Pictures are to be omitted; everything else in the data must be transcribed exactly.

**Collected material**.
>>

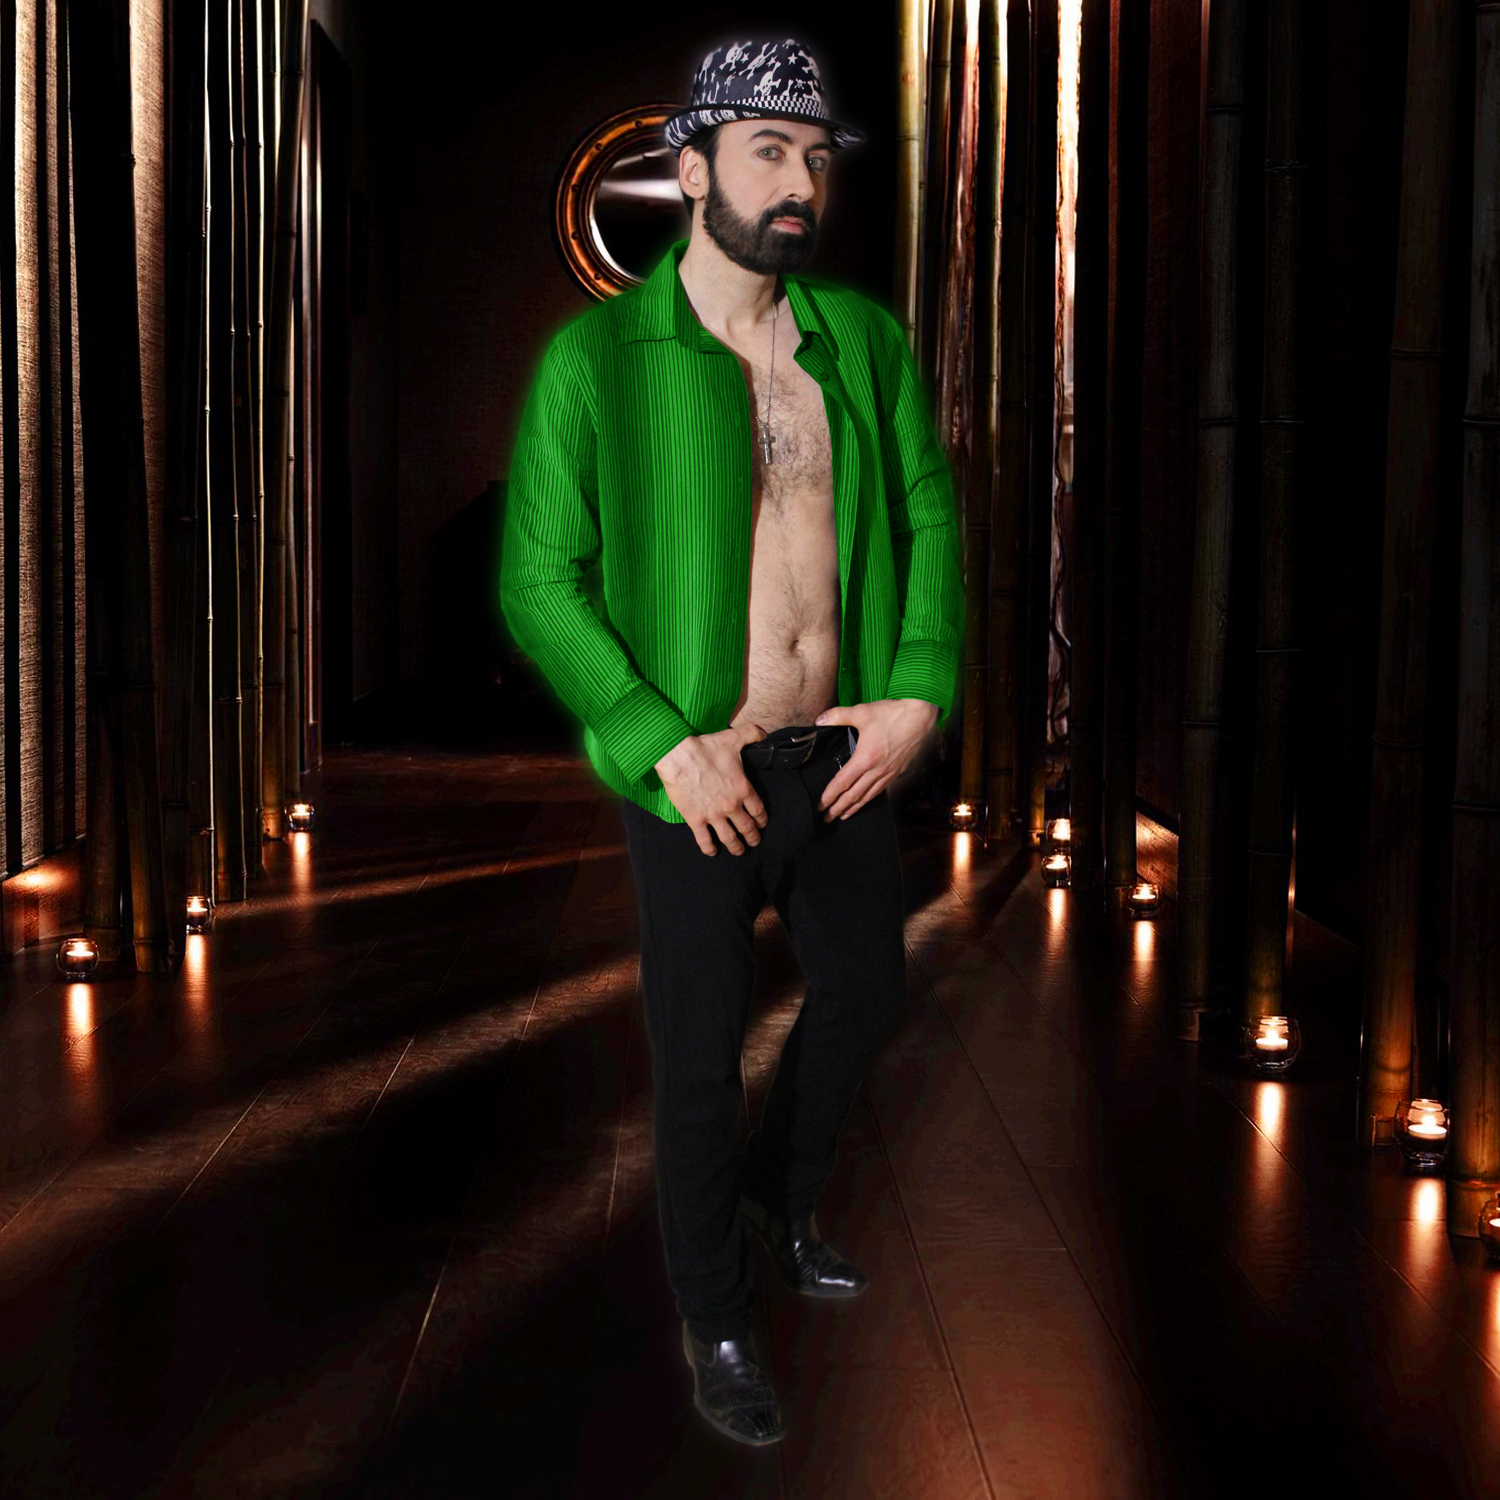 In the corridor of my aspirations, I always have 1 very precise direction. #MyLife #Documented #MoonDazeTV #RealityShow #Season03
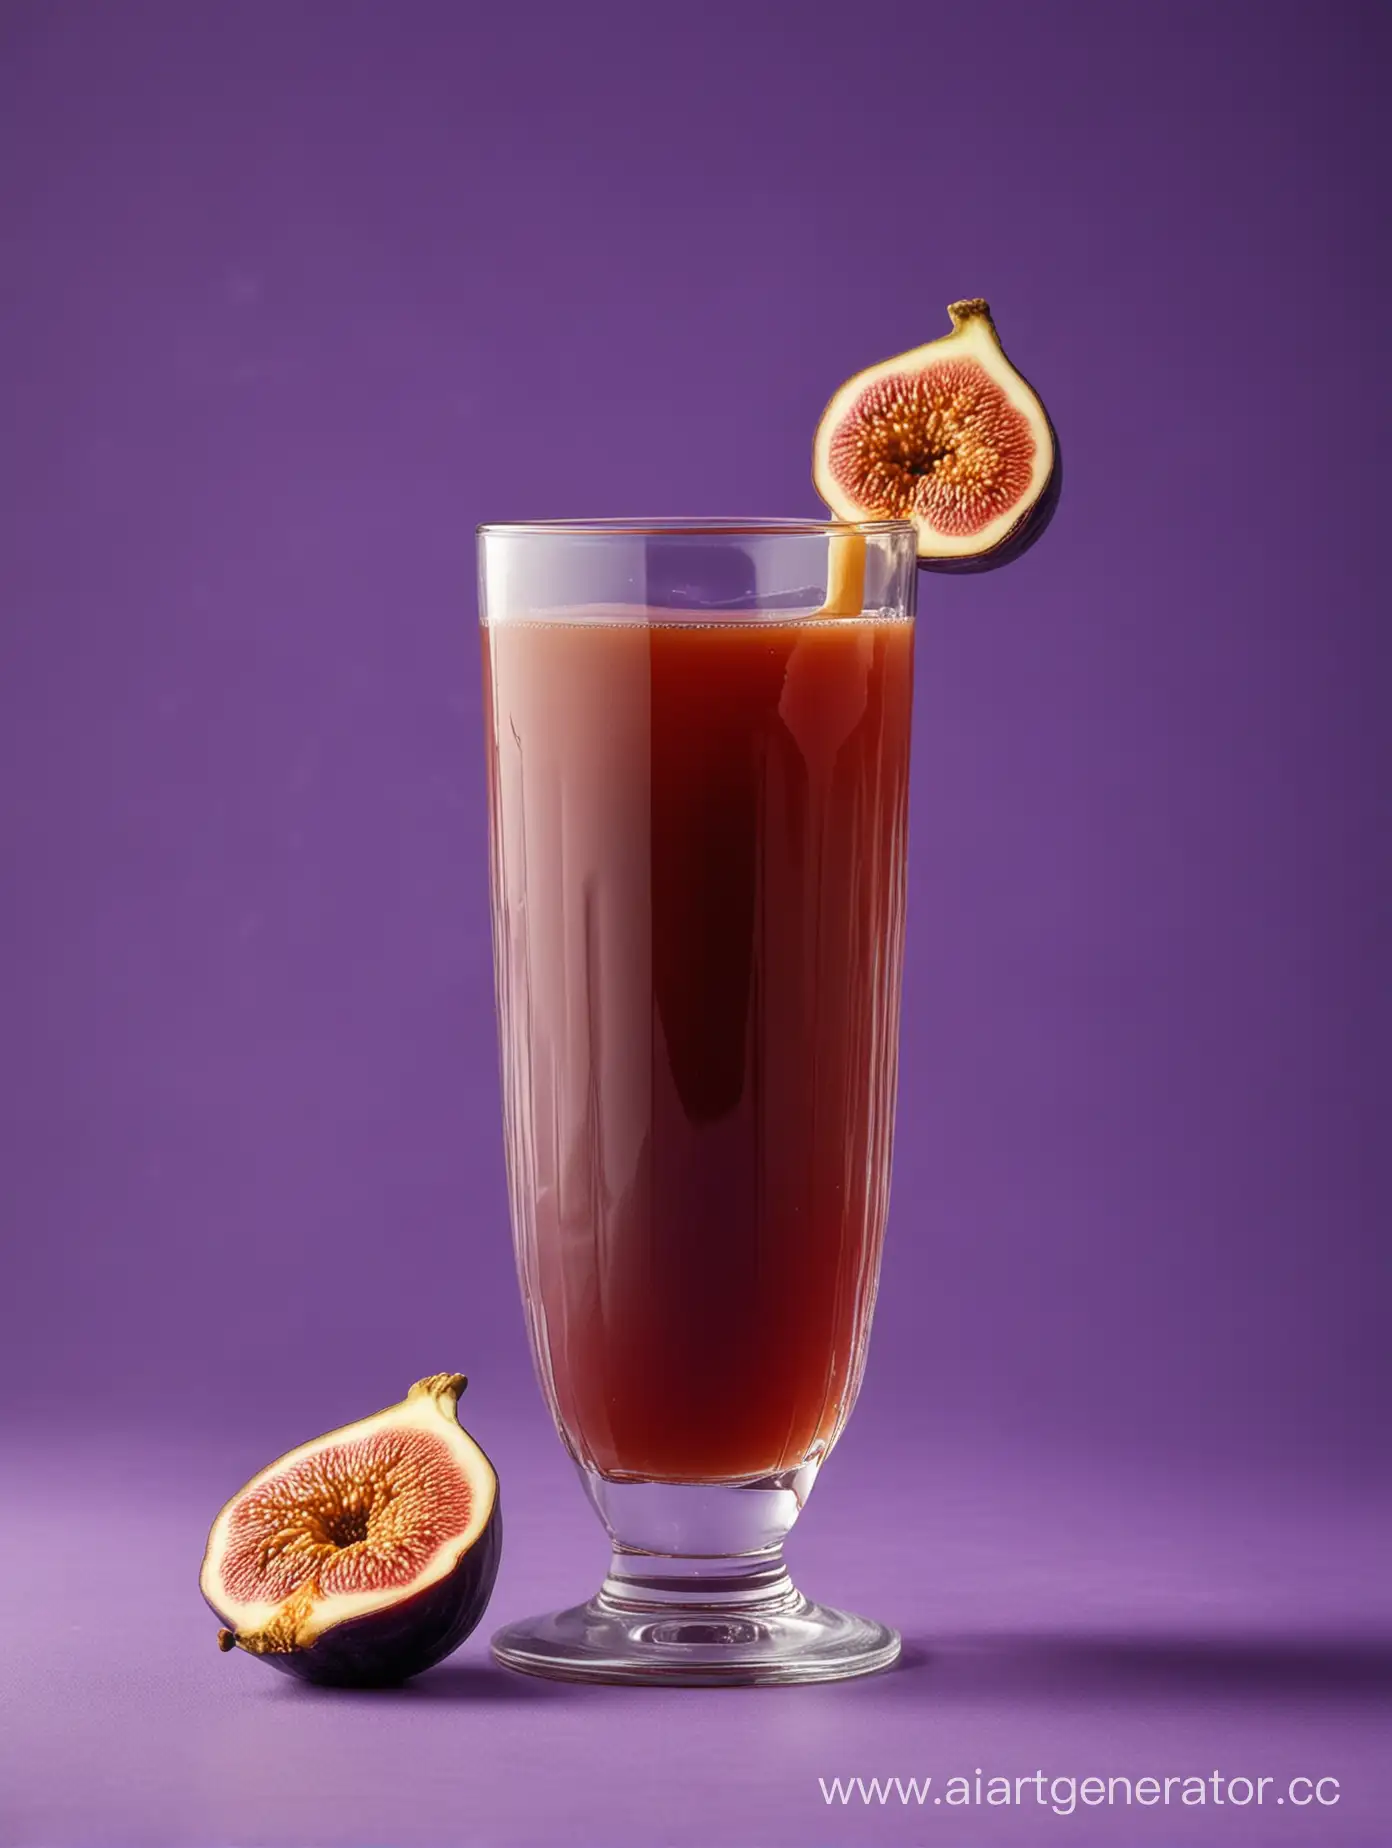 Ripe-Fig-with-Refreshing-Juice-in-Elegant-Glass-on-Vibrant-Purple-Background
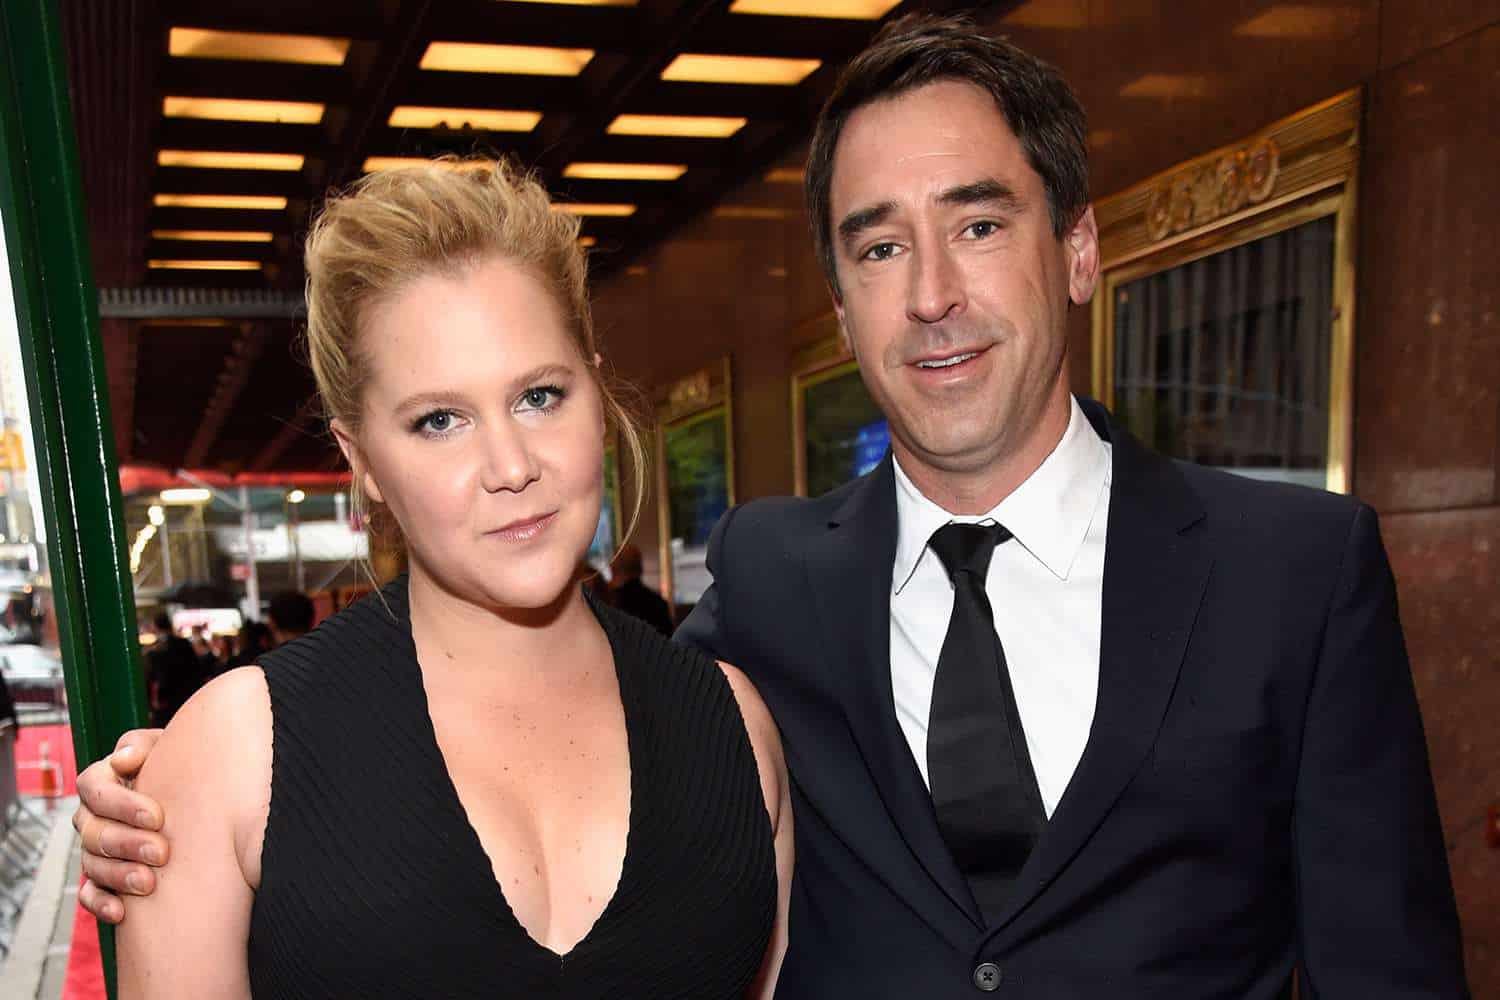 Amy Schumer's husband and her
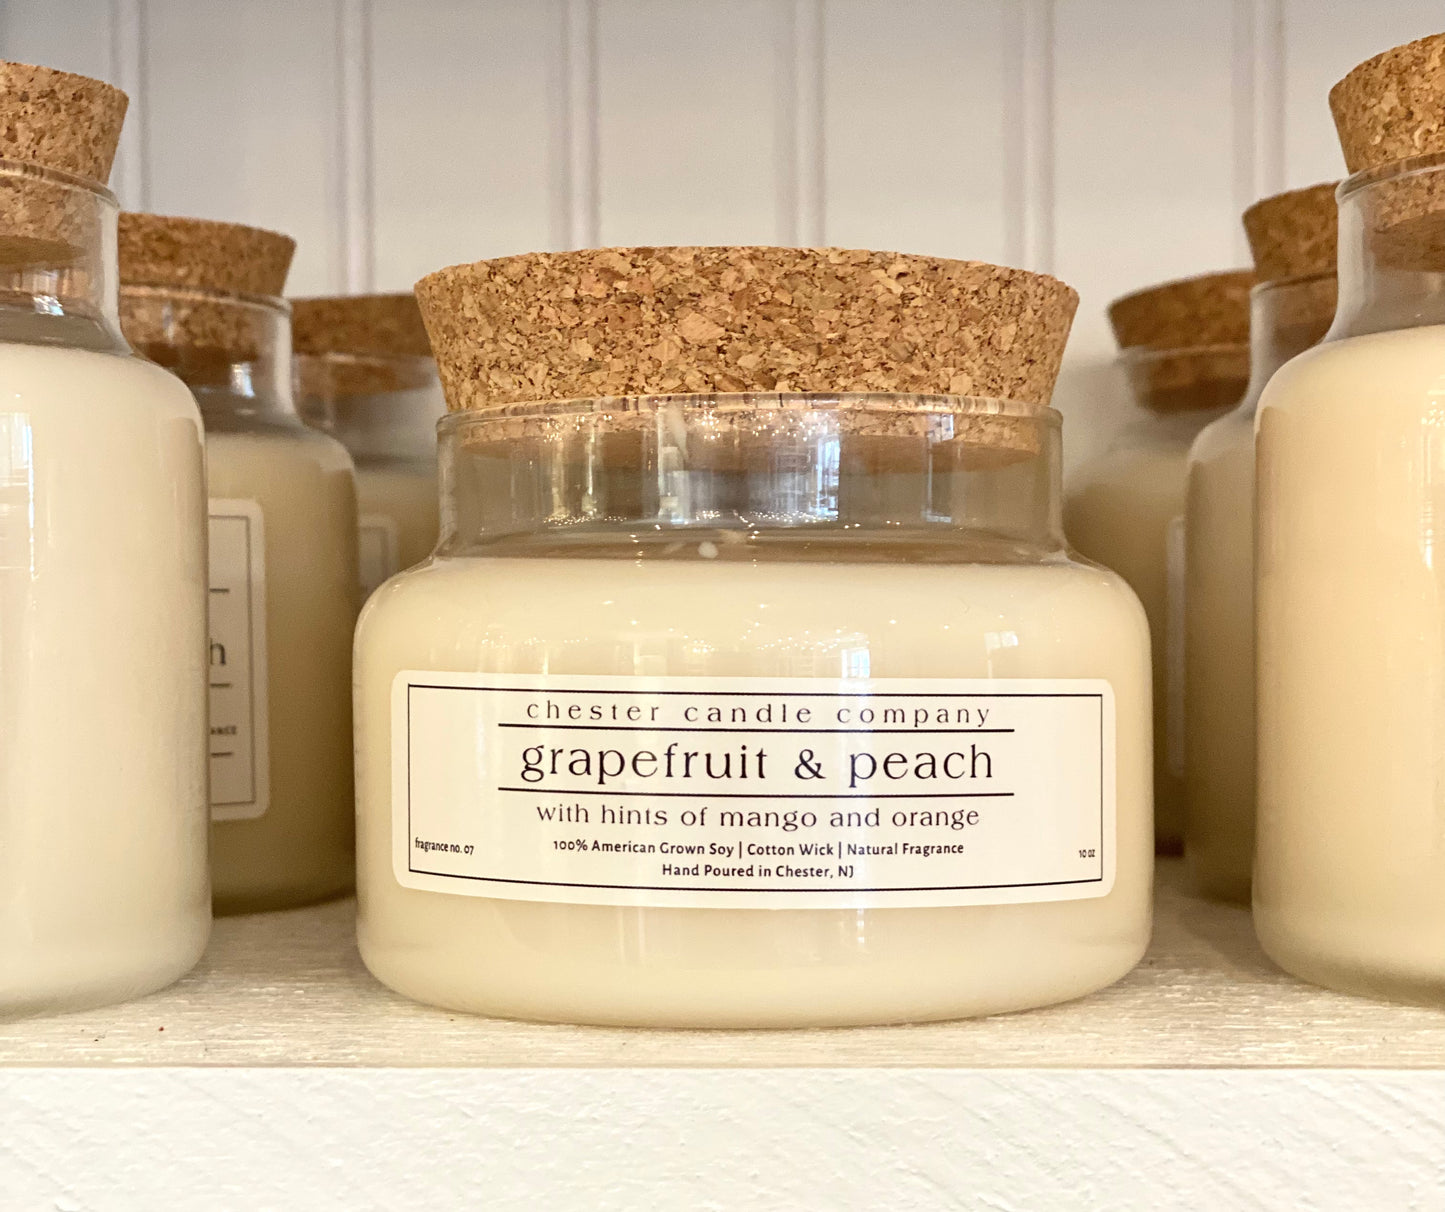 Natural Soy Wax Candle in a Clear Glass Apothecary-Style Jar and a Cork Lid. White Label on the Jar Reads "chester candle company. Grapefruit & peach with hints of mango and orange. 100% American Grown Soy, Cotton Wick, Natural Fragrance. Fragrance No. 07 Hand Poured in Chester, NJ. 10oz”

<<

**Written answer**.
 In the corridor of my aspirations, I always have 1 very precise direction. #MyLife #Documented #MoonDazeTV #RealityShow #Season03
 Ripe-Fig-with-Refreshing-Juice-in-Elegant-Glass-on-Vibrant-Purple-Background
 Amy Schumer's husband and her
 Natural Soy Wax Candle in a Clear Glass Apothecary-Style Jar and a Cork Lid. White Label on the Jar Reads "chester candle company. Grapefruit & peach with hints of mango and orange. 100% American Grown Soy, Cotton Wick, Natural Fragrance. Fragrance No. 07 Hand Poured in Chester, NJ. 10oz”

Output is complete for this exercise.